4 BAC with difficult region
For the BAC plot we use a PacBio assembly of a BAC (labelled number 22). We
have several tracks of data: three contig alignments, three read alignments,
and a GC content and homopolymer track. The PacBio assembly of BAC 22 is
contained in bac22.fasta.
4.1 Contig alignment
For the contig alignments we use bwa-mem.
| name | filename |
|---|---|
| Supernova | 10x |
| Discovar | discovar-contig |
| Falcon | falcon |
#!/bin/bash bwa index data/bac22.fasta IFS=',' while read name filename; do bwa mem data/bac22.fasta data/${filename}.fasta \ | samtools view -b - > data/pb-${filename}.bam sambamba sort data/pb-${filename}.bam done <<< "$table"

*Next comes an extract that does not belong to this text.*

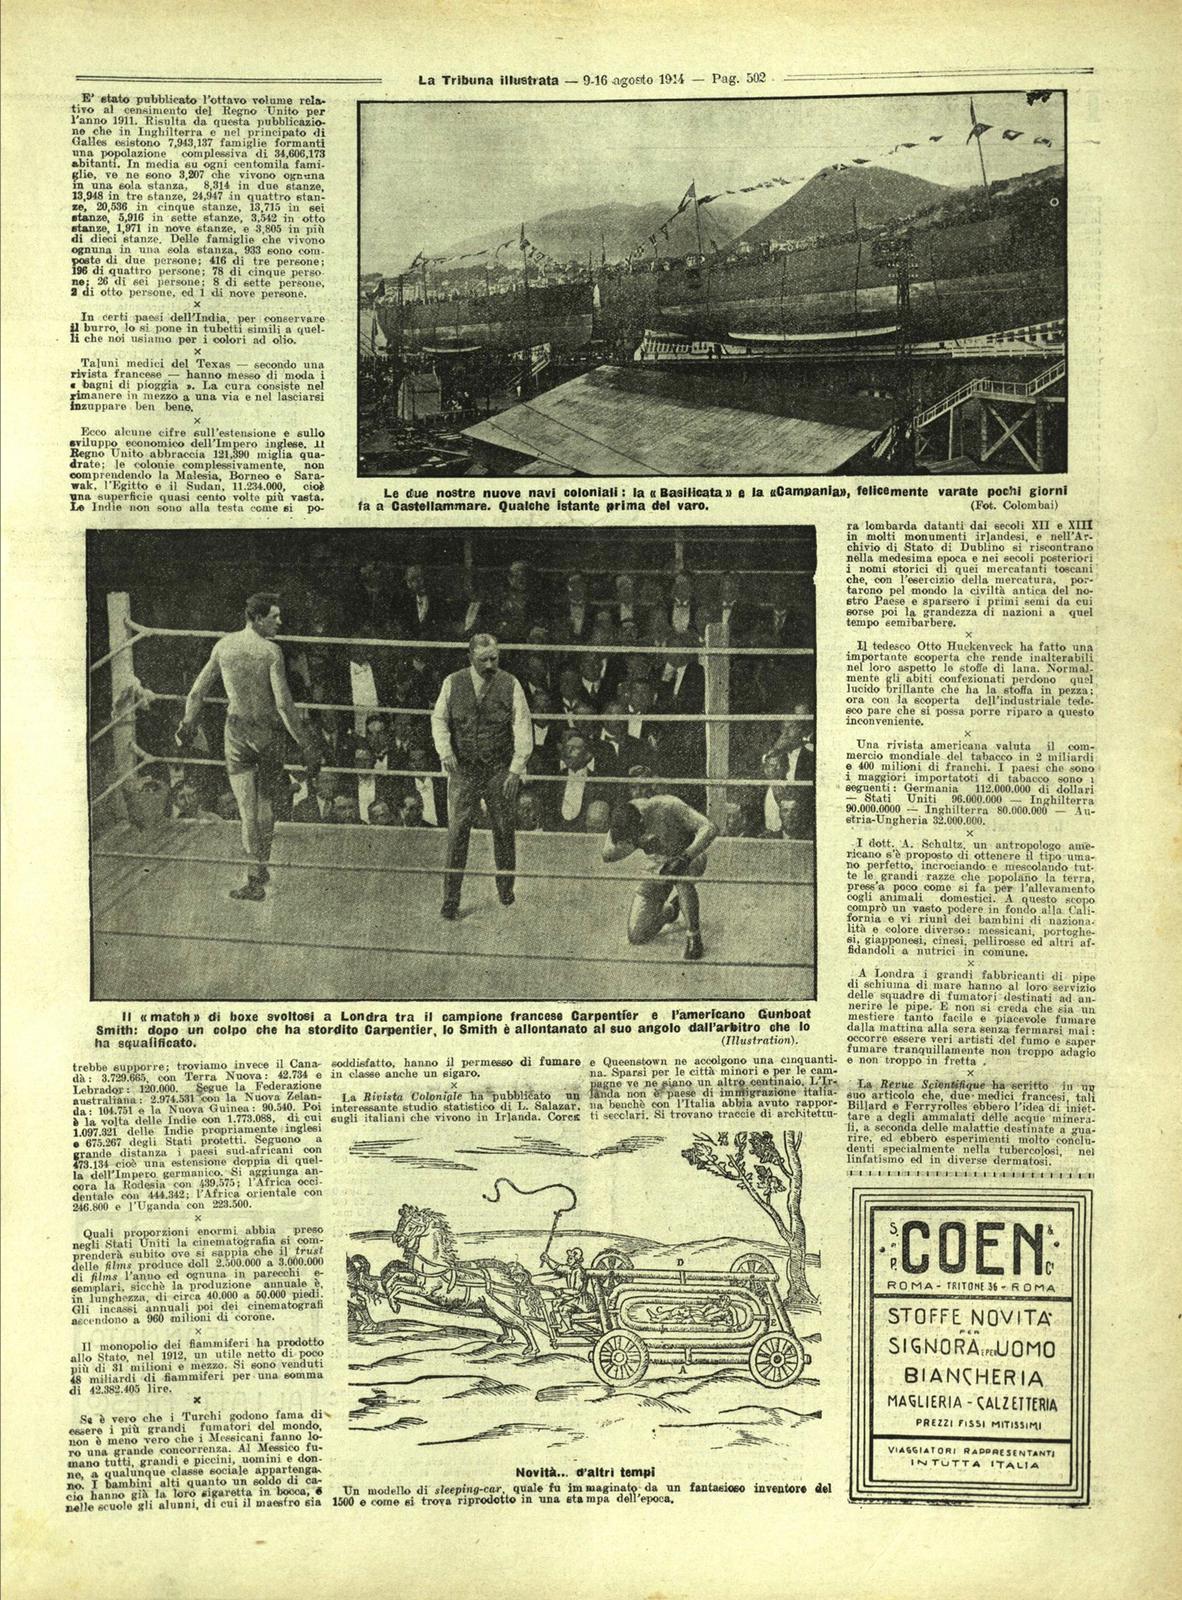 La Tribuna Illustrata, 9-16 Agosto 1914

The sam-to-R.py script takes multiple SAM input files and outputs a table
for plotting with ggplot. Optional parameters are -m for minimum length of
the alignment and -i for minimum percent identity, both of which are
calculated from the CIGAR string for each alignment in the SAM file. The first
positional parameter provides a short name for each of the following
alignments, which is embedded in the table, and then the alignment files
follow. We use process substitution so we can use BAM files, ensuring that the
SAM header is present by using the -h flag for samtools view.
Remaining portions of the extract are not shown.